See also, Administrators, Estate Richards v Nichol and Another [1998] ZASCA 82; 1999 (1) SA 551 (SCA).
[40] The general rule regarding the removal of trustees is that a trustee will be removed from office when continuance in office will imperil the property of a trust and prevent the trust itself being properly administered to the welfare of the beneficiaries. The power to remove a trustee must be exercised guardedly but neither mala fides nor even misconduct is required for the removal of a trustee. See the Gowar case supra at paragraphs 30 – 31. Courts have over and over again stressed that the removal of trustees must be done in line with the provisions of Section 20(1) of the Act - when it is in the interests of the trust and its beneficiaries.

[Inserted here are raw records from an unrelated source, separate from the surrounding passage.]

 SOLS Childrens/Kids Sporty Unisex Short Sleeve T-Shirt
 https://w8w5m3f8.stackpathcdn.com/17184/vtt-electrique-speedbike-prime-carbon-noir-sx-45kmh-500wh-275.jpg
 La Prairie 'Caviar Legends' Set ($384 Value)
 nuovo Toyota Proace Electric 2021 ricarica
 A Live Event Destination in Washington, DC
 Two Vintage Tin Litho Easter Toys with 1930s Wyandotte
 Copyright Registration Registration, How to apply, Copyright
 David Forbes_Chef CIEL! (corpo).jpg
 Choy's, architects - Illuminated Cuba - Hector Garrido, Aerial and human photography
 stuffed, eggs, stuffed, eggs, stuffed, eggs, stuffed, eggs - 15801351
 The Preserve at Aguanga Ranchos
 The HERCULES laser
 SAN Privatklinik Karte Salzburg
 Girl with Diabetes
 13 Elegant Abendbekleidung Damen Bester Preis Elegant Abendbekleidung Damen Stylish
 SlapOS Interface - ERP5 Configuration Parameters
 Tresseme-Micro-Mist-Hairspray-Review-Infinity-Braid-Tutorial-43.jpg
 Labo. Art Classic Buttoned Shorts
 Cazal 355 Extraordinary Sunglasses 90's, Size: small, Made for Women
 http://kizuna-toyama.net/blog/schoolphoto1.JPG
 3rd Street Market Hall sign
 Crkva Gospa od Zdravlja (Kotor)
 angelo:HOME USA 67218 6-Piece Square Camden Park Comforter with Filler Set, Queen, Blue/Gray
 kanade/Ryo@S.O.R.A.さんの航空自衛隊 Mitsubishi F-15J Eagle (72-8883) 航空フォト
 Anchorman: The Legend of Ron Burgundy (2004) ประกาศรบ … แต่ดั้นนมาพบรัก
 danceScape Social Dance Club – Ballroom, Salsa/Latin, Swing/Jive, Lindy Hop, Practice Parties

[41] To the extent that the Applicants require this Court to vary the provisions of the Trust Deed, Section 13 of the Act becomes pertinent. The Section provides:
“Power of court to vary trust provisions —
If a trust instrument contains any provision which brings about consequences which in the opinion of the court the founder of a trust did not contemplate or foresee and which —
(a) hampers the achievement of the objects of the founder; or
(b) prejudices the interests of beneficiaries; or
(c) is in conflict with the public interest,
the court may, on application of the trustee or any person who in the opinion of the court has a sufficient interest in the trust property, delete or vary any such provision or make in respect thereof any order which such court deems just, including an order whereby particular trust property is substituted for particular other property, or an order terminating the trust.”
ANALYSIS
[42] The questions for this Court are, have the trustees failed in their discharge of their fiduciary duty towards the Trust, if so, in what manner have they contravened their fiduciary duty towards the Trust and is it in the interest of the Trust and its beneficiaries that they be removed as trustees? I proceed to address these issues below.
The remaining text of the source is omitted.